It was a night that gave us such fondly remembered classics as Val Venis vs Chainz, Jeff Jarrett vs Darren Drozdov, and Dustin Runnells vs Marc Mero. As well as a special appearance by Avatar (aka Al Snow). To be fair it also gave us intriguing (on paper) King of the Ring qualifying matches The Rock vs Vader and Triple H vs X-Pac. Which weren’t very good either… Thanks, WWF.
Although those matches will be locked into your memory banks, you may well have forgotten that Raw that night saw the first-ever Tag Team, Royal Rumble. That’s right, TEN of the top tag teams in the history of the WWE battled it out for the right to become the number one contender to the tag team titles, then held by Stone Cold Steve Austin and The Undertaker. This may seem a cool idea. The problems were twofold. The WWE didn’t really have ten tag teams of any repute in 1998 and earlier in the evening Kane and Mankind had issued a challenge to Austin & Taker for a match, a challenge which had been accepted and was (nominally at least) set for the evening’s main event… Which kind of gave away the ending of the Rumble once Kane and Mankind were unveiled as participants number two in the match. Anyway. The participants in the first (and only) Tag Team Royal Rumble;
- Kane & Mankind (w/ Paul Bearer)
- Bradshaw & Taka Michinoku
- Faarooq & Steve Blackman
- Golga & Kurrgan
- Scorpio & Terry Funk
- The Disciples Of Apocalypse (8-Ball & Skull)

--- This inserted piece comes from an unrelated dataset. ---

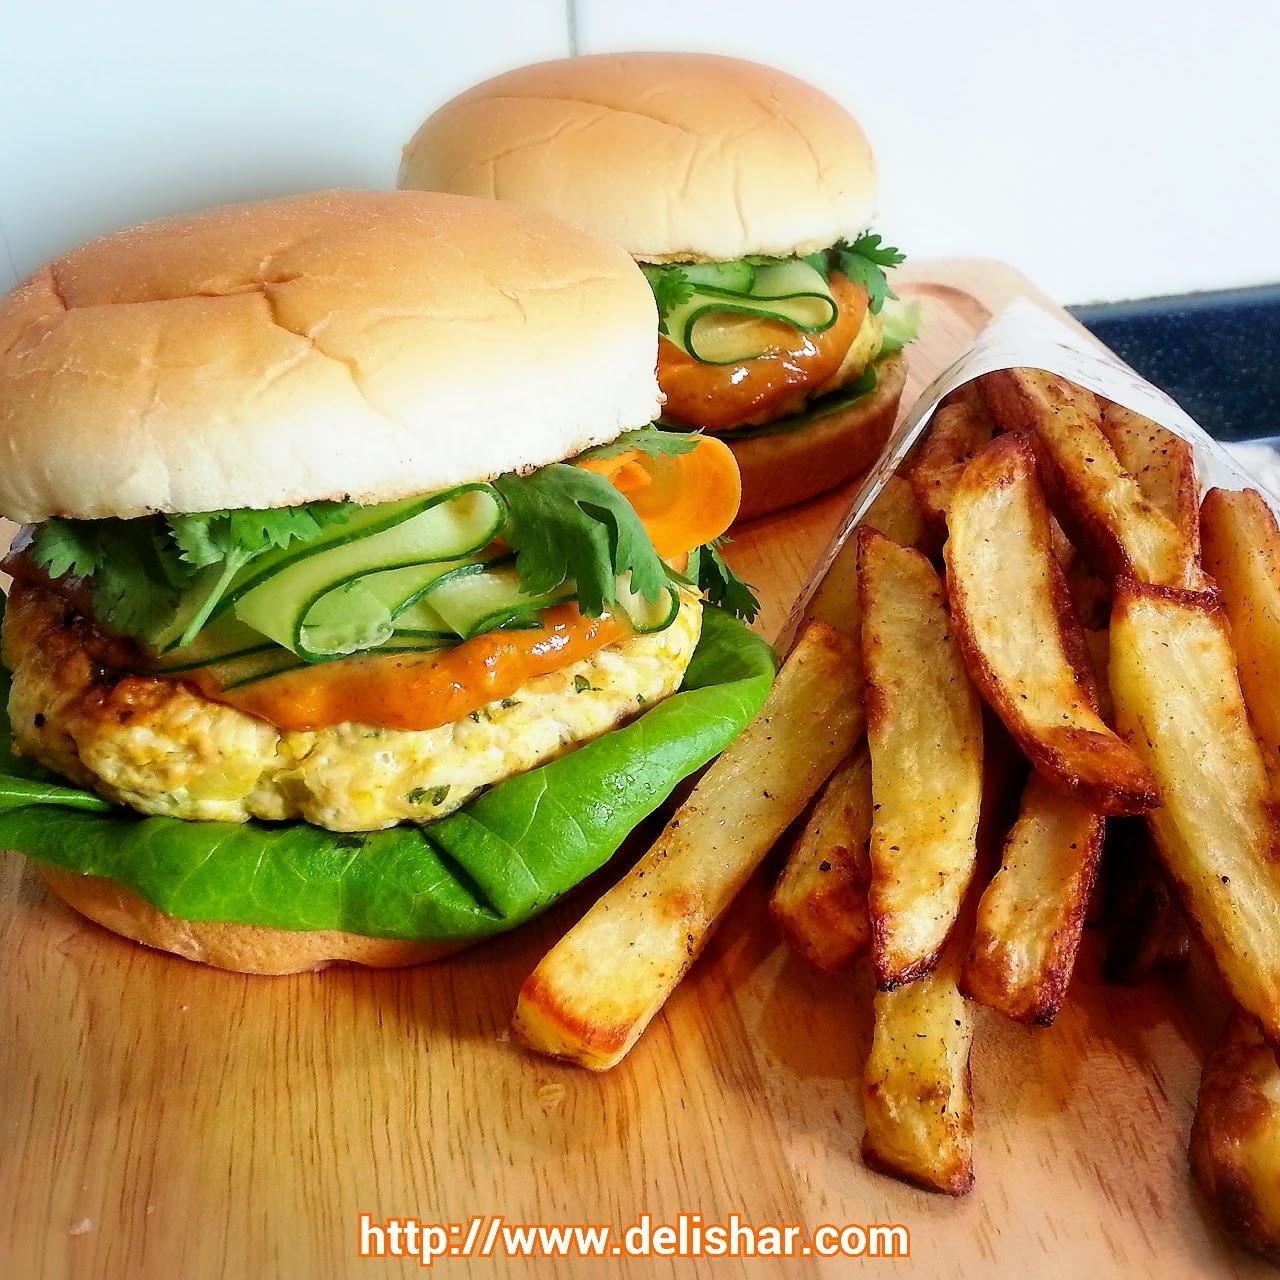 DELISHAR: Satay Chicken Burger with Spicy Peanut Sauce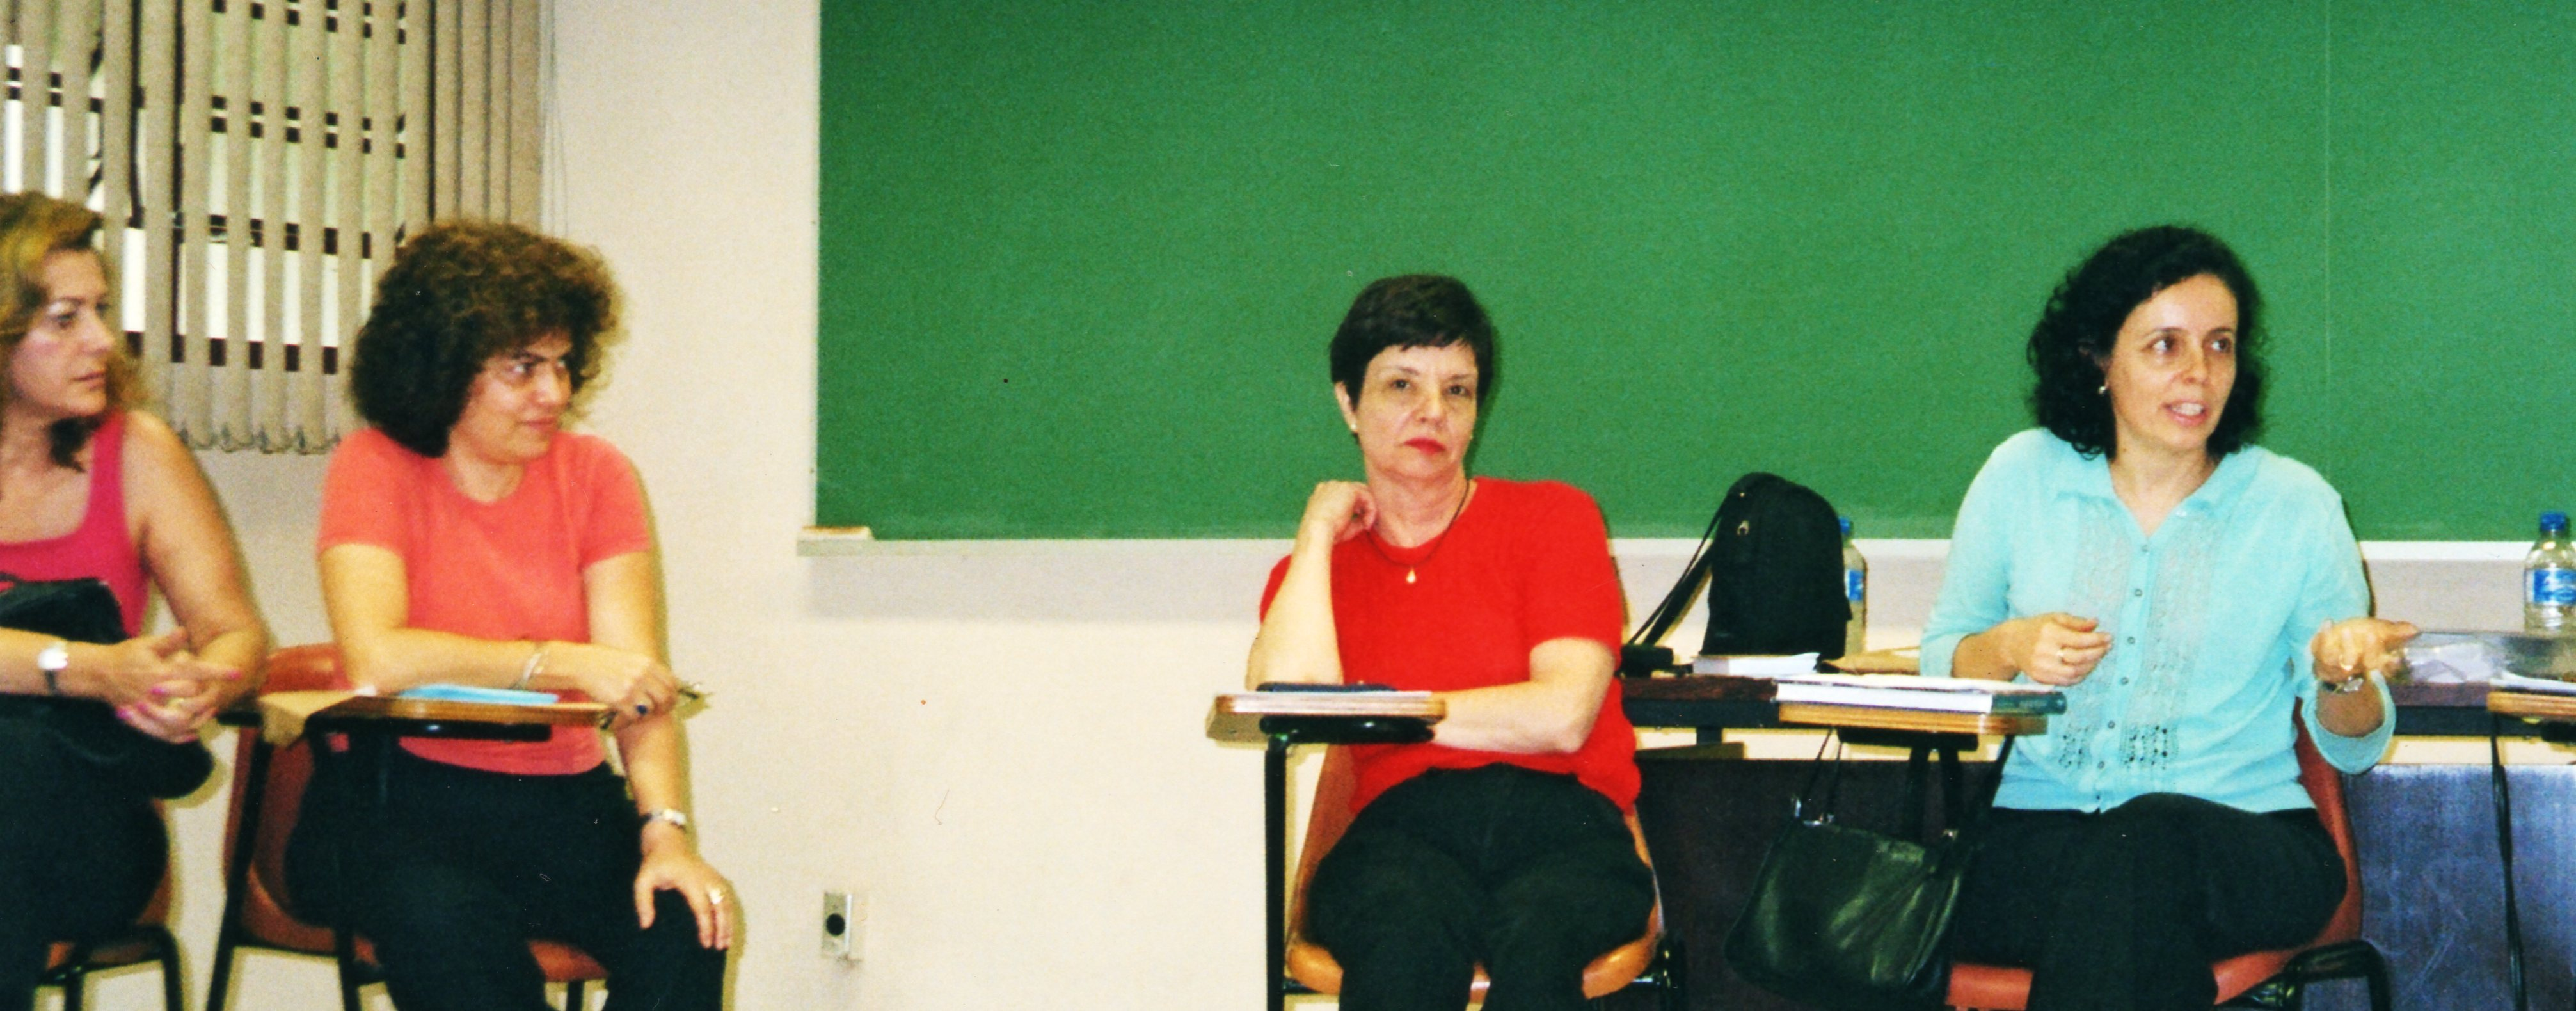 Laboratório Saúde Mental e Psicologia Clínica Social 20 anos 028

- The Headbangers (Mosh & Thrasher)
- LOD 2000 (Road Warrior Animal & Road Warrior Hawk) (w/ Sunny)
- The Midnight Express (Bodacious Bart & Bombastic Bob)
- Too Much (Brian Christopher & Scott Taylor)
The rules were simple. If one man was eliminated, his team was eliminated. A new team was introduced every thirty seconds and the last team standing were the winners. Along with Kane and Mankind, the match started off with the new and improved L.O.D 2000. Which still sounds more like a washing powder than a badass tag team. Hawk and Animal were accompanied by Sunny, who was probably the only interesting part of that alliance. Although to be fair, at this stage the nostalgia of what the Legion of Doom were does still warrant crowd pops.
With a new team every 30 seconds, the match is at least fast-paced, even if the eliminations are slow to come (with most being saved for when all the teams are in). The New Midnight Express was probably an even dumber idea than L.O.D. 2000 and even “Bombastic” Bob Holly and “Bodacious” Bart Gunn must have known this was going precisely nowhere. Still at least they, The Headbangers and the DOA duo of the Harris Twins were at least “tag teams”. The Oddities duo of Kurrgan and Golga aren’t’ fondly remembered and if there’s ever a tag team hall of fame then it’s unlikely that the makeshift teams of Faarooq & Steve Blackman, Taka Michinoku & Bradshaw, or Terry Funk & Too Cold Scorpio will ever make the ballot. Too Much (not yet Too Cool) round off the numbers.
The most over the thing for most of the match is the ten-second countdown, but the quickness of the entries mean that the match gallops along and never really has the time to become boring. Terry Funk eliminates Kurrgan in a fun spot, Too Much eliminate themselves when the Headbangers duck their attack and the only stars of the show Kane and Mankind eliminate a few teams between them. It comes down to them against Funk and Scorpio and it’s always fun to see Funk and Mankind go at it but it’s an inevitable end. Mankind holds a chair to Funk’s face and Kane big boots it into his face which sends him over the top and crashing to the floor.
It’s by no means a great match. But it’s fun in its own way and if you ignore that the winners had already effectively made themselves number one contenders earlier in the evening it at least has a point to it.